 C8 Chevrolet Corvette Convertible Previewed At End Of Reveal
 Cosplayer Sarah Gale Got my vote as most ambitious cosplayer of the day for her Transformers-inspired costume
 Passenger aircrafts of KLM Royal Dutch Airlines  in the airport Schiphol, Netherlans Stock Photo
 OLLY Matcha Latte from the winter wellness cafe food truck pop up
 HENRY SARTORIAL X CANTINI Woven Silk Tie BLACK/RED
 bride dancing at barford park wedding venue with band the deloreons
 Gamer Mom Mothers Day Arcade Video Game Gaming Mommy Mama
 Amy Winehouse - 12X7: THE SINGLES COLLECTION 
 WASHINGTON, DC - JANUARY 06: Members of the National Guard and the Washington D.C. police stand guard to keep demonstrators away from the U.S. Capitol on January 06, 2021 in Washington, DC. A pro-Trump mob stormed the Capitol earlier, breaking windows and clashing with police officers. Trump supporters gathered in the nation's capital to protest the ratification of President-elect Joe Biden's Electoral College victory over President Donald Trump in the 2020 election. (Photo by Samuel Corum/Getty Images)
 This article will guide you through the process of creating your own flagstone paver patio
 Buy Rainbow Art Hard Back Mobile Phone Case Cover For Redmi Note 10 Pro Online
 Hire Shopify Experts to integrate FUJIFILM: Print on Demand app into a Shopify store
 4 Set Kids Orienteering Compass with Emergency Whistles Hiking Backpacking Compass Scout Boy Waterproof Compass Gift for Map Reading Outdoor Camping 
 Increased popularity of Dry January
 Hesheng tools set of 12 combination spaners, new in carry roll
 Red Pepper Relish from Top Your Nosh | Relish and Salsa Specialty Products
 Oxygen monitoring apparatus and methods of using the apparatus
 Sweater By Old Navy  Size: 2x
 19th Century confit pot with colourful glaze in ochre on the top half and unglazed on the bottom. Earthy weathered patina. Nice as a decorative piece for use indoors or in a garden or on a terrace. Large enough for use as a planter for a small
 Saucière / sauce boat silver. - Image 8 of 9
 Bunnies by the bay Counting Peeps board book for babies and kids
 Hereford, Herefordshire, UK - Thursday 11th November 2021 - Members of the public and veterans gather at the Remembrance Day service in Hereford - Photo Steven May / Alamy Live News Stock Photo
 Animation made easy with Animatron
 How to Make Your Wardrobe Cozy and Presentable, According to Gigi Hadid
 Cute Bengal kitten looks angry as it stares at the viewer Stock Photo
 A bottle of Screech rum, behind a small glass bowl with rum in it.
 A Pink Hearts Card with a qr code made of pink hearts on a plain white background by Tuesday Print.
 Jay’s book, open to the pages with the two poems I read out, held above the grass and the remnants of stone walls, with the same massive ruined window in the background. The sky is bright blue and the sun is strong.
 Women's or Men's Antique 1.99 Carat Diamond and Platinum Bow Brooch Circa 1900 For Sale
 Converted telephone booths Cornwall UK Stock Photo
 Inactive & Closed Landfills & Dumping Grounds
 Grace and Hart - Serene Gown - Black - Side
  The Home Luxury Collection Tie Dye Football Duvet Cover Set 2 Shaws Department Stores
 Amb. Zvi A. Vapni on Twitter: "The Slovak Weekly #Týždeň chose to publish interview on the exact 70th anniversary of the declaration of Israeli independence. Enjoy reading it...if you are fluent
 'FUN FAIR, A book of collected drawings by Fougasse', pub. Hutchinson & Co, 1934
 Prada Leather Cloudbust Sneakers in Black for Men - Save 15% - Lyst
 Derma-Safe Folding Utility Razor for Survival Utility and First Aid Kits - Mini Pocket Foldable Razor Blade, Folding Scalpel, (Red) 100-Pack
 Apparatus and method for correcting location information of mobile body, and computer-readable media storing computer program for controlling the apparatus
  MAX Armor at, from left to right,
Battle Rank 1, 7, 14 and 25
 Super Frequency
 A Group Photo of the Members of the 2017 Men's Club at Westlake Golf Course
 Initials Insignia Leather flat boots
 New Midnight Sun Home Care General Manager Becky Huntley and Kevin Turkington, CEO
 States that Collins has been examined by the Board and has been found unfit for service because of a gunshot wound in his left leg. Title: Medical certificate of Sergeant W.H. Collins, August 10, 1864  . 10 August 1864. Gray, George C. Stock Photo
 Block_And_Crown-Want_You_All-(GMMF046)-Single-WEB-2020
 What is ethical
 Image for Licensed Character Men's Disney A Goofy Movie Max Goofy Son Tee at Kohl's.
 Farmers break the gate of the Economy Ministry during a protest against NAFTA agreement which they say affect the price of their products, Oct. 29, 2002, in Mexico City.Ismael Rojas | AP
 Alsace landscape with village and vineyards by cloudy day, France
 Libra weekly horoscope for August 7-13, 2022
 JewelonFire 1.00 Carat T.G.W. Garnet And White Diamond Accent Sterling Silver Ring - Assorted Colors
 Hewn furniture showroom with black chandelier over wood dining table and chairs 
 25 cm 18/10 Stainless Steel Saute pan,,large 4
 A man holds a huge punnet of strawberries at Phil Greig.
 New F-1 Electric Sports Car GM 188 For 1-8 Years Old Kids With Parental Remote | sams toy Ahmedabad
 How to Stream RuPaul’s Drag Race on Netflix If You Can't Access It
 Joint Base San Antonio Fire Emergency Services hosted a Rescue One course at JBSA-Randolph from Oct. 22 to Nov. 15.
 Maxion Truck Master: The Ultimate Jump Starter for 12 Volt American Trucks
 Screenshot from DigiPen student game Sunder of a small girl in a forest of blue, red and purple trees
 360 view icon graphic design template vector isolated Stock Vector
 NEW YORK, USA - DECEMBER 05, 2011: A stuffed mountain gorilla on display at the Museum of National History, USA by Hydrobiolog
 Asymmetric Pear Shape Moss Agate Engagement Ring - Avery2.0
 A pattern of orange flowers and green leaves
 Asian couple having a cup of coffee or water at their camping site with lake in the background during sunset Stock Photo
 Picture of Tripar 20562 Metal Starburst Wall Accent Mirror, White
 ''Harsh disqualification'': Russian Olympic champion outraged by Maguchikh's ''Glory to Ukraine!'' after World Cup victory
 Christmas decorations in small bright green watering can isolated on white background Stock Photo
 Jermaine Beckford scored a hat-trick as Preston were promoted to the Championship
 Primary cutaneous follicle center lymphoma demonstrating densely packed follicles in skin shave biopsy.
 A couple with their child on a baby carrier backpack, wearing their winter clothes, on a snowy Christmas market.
========
What you need to do
What the task asks for is a word-for-word repeat of the lines above, from the first through the one containing "bride dancing at".

Answer space
 C8 Chevrolet Corvette Convertible Previewed At End Of Reveal
 Cosplayer Sarah Gale Got my vote as most ambitious cosplayer of the day for her Transformers-inspired costume
 Passenger aircrafts of KLM Royal Dutch Airlines  in the airport Schiphol, Netherlans Stock Photo
 OLLY Matcha Latte from the winter wellness cafe food truck pop up
 HENRY SARTORIAL X CANTINI Woven Silk Tie BLACK/RED
 bride dancing at barford park wedding venue with band the deloreons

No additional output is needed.